Sunday, February 17, 2008

India state disputes tiger count

India state disputes tiger count

Authorities in the eastern Indian state of Orissa have rejected the results of a fresh count of the tiger population.
It shows that Orissa has between 37 to 53 of the 1,411 tigers in India. But authorities say a 2005 local census found 192 animals in the state.

The count found a steep fall in India's tiger population from 3,642 animals in a federal census in 2002.

Poaching and urbanisation are blamed for the decline in tiger number in the country.

Authorities in Orissa are disputing the results of the new consensus by the National Tiger Conservation Authority.

"We don't agree with the figures. We are proud of our tigers," state chief minister Naveen Patnaik said.

Faulty count?

The census also found that the number of animals in Similipal Tiger Reserve, one of the largest tiger reserves in India, was around 20.

Authorities say a local census in 2005 had found 101 tigers in Similipal alone.

"Tigers are difficult to spot here because of the dense forests.

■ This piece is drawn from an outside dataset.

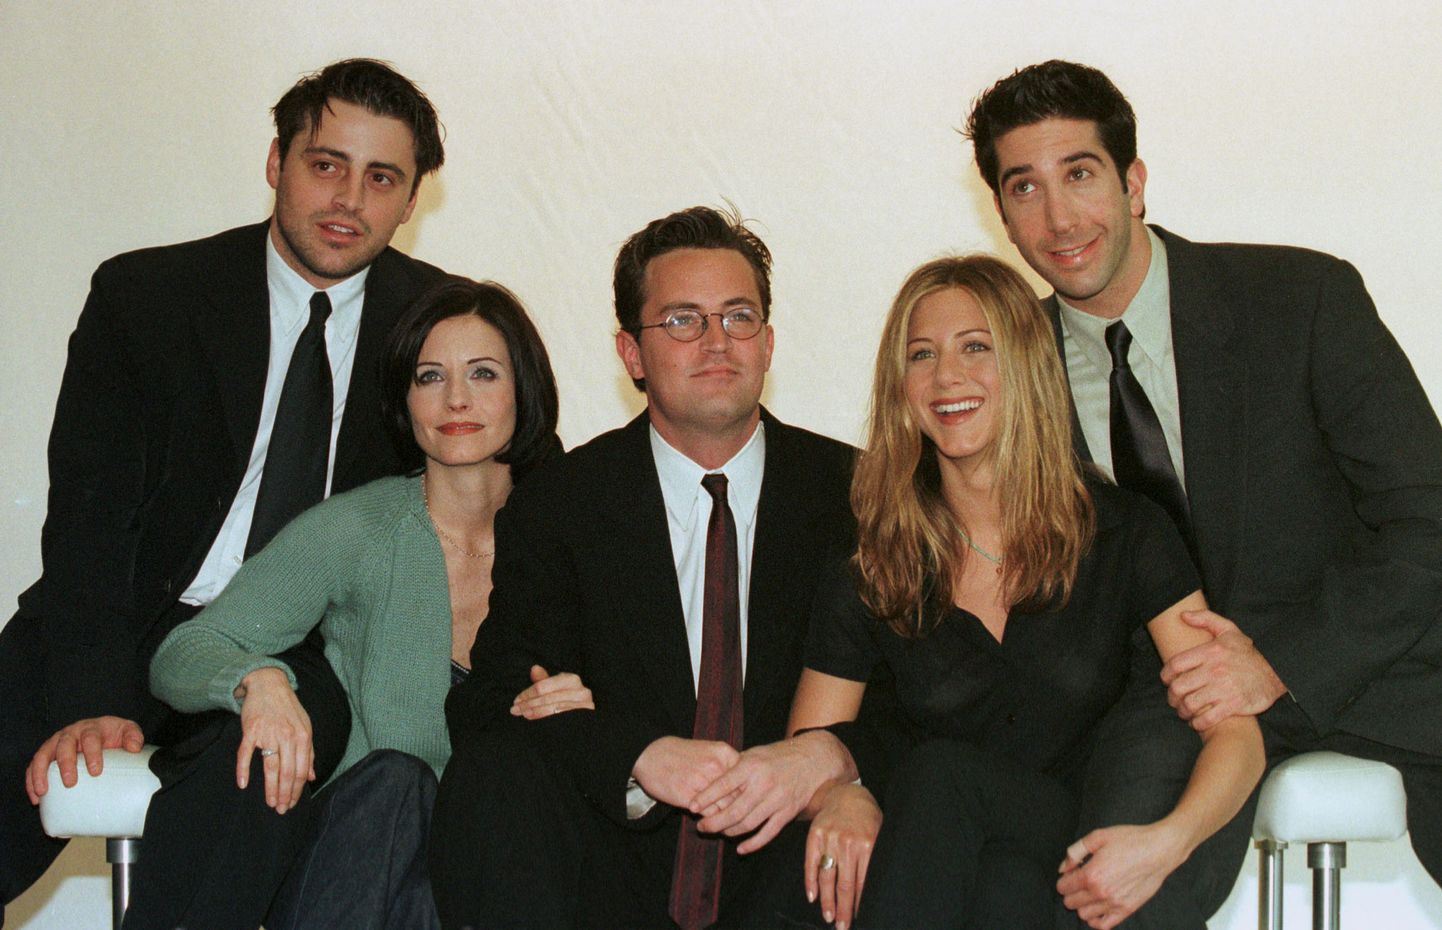 Каст сериала «Друзья»: Мэтт Лэ Бланк, Кортни Кокс, Мэтью Перри, Дженифер Энистон и Девид Швиммер -1998 год.

That is why we dispute the figures for Similipal" said Bijay Ketan Patnaik, the state's chief wildlife warden.

Federal authorities have denied the allegation that the census was faulty.

"Our figures for Orissa are robust and based on unexceptionable science and fieldwork in which the state forest authorities were also involved," said Rajesh Gopal of the National Tiger Conservation Authority.

Orissa-based conservationist Biswajit Mohanty said that the state government should punish local officials who had been counting tigers.


"Instead of finding faulty with the figures, the government should take to task officials responsible for misleading people with the number of tigers in the state," he said.
The latest census, released on Tuesday, said that there had been a decline in tiger population all over India.

The only exception was the southern state of Tamil Nadu where the animals' numbers had gone up to 76 from 60 five years ago.

Wildlife experts say urgent efforts should be made to save the animals.

Experts blame the government for failing to crack down on poachers and the illegal trade in tiger skins.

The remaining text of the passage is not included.